• Setelah direnovasi wajah stasiun Cisauk semakin berseri.
  • Perombakan ini merupakan wujud dari Transit Oriented Development (TOD) di BSD City, Tangerang.
  • Beragam fasilitas canggih kini bisa dinikmati di stasiun KRL ini.

Perombakan besar yang dialami stasiun Cisauk di Tangerang, membuatnya kini semakin menawan. Stasiun kereta Commuter Line (KRL) ini tampil sangat mewah, modern, dan futuristik, jauh meninggalkan kesan kuno yang dulunya lekat dengan stasiun-stasiun KRL.

Dilansir dari KOMPAS.com, wajah baru stasiun Cisauk diresmikan pada 1 Februari 2019 lalu, setelah sebelumnya dilakukan uji coba pada 25-31 Januari 2019. Dengan pengoperasian tampilan anyar stasiun Cisauk ini, maka akses lama di pintu selatan ditutup dan akses masuk dipindah ke lantai dua untuk menuju peron.

Beragam fasilitas canggih pun menghiasi stasiun Cisauk yang berdiri di atas lahan seluas 11.440 m2 ini. Di antaranya adalah eskalator dan lift untuk mempermudah akses penyandang disabilitas, serta jembatan skywalk sepanjang 350m yang menghubungkan stasiun Cisauk ke terminal shuttle bus BSD Link dan Pasar Modern Intermoda BSD City.

Lorong di stasiun Cisauk | Foto: SinarMas Land

Bicara tentang skywalk di stasiun Cisauk, ini merupakan wujud dari penggunaan Transit Oriented Development (TOD) yang sudah jamak diterapkan di negara-negara maju. Dengan adanya TOD, masyarakat bisa menikmati layanan transportasi umum yang saling terhubung atau terintegrasi.

Skywalk stasiun Cisauk | Foto: David Oliver Purba/KOMPAS.com

TOD Intermoda di BSD City ini adalah yang pertama di Indonesia, dan ke depannya diharapkan juga dapat terwujud di kota-kota lain. Sebab dengan fasilitas transportasi yang memadai seperti ini, dapat berdampak positif bagi perekonomian masyarakat, terutama Usaha Mikro, Kecil, dan Menengah (UMKM), baik dari segi peningkatan omzet maupun perluasan lapangan pekerjaan.

“Terminal bus dan pasar modern yang terintegrasi dengan stasiun Cisauk ini merupakan awal dari rencana pengembangan kawasan Intermoda BSD City yang sudah dijalankan. Tahapan selanjutnya akan dibangun hunian berupa apartemen.
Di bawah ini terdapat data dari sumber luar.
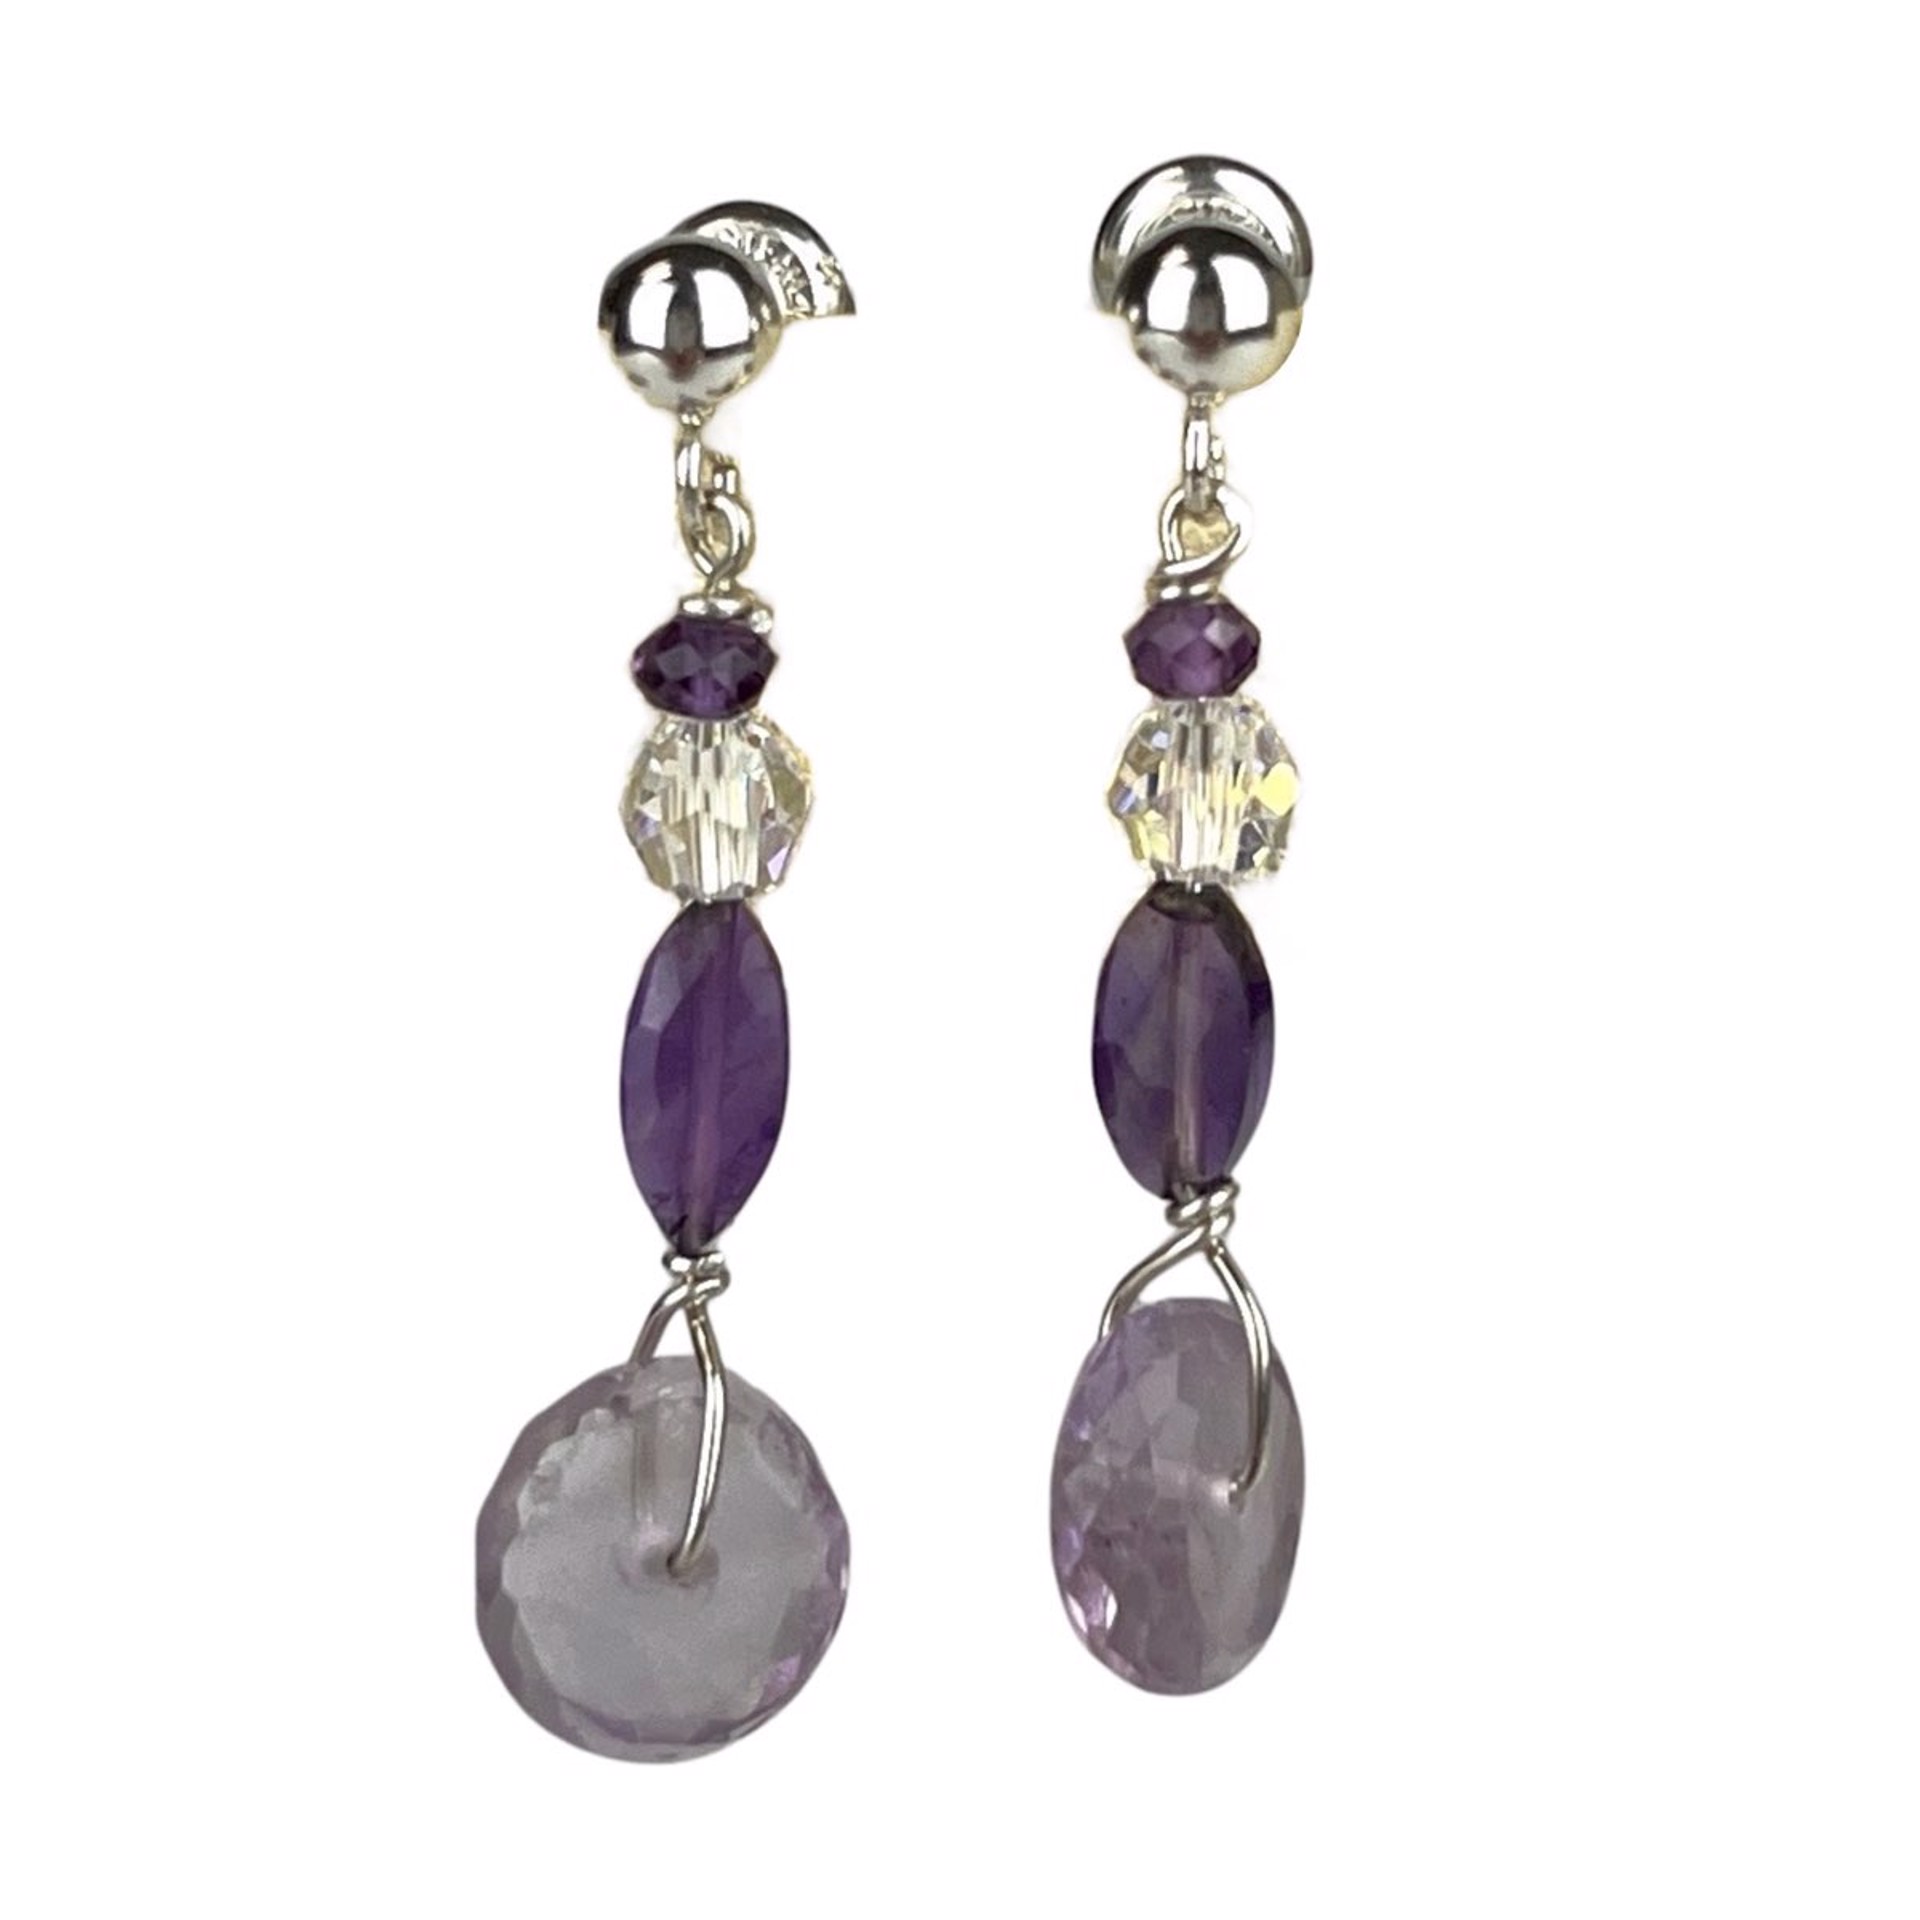 Faceted Amethyst Discs with Amethyst & Swarovski Sterling Silver Earrings by Nola Smodic

Dengan demikian masyarakat yang tinggal di kawasan ini akan memperoleh kemudahan dalam melakukan aktivitas karena semua kebutuhan tersedia dalam satu kawasan,” terang Managing Director President Office SinarMas Land, Dhony Rahajoe, dikutip dari industry.co.id.

“Kami juga berharap agar keberadaan Kawasan Intermoda BSD City dapat memberikan manfaat sebanyak mungkin dari sisi ekonomi, sosial dan lingkungan bagi masyakat di kemudian hari.” tambahnya.

Stasiun Cisauk ditargetkan dapat menampung 20.000 penumpang tiap harinya, yang sejauh ini masih berada di kisarang angka 5.500 penumpang per hari. Stasiun ini berada di Jalur Hijau Commuter Line yang menghubungkan stasiun Maja dan stasiun transit Tanah Abang di Jakarta Pusat.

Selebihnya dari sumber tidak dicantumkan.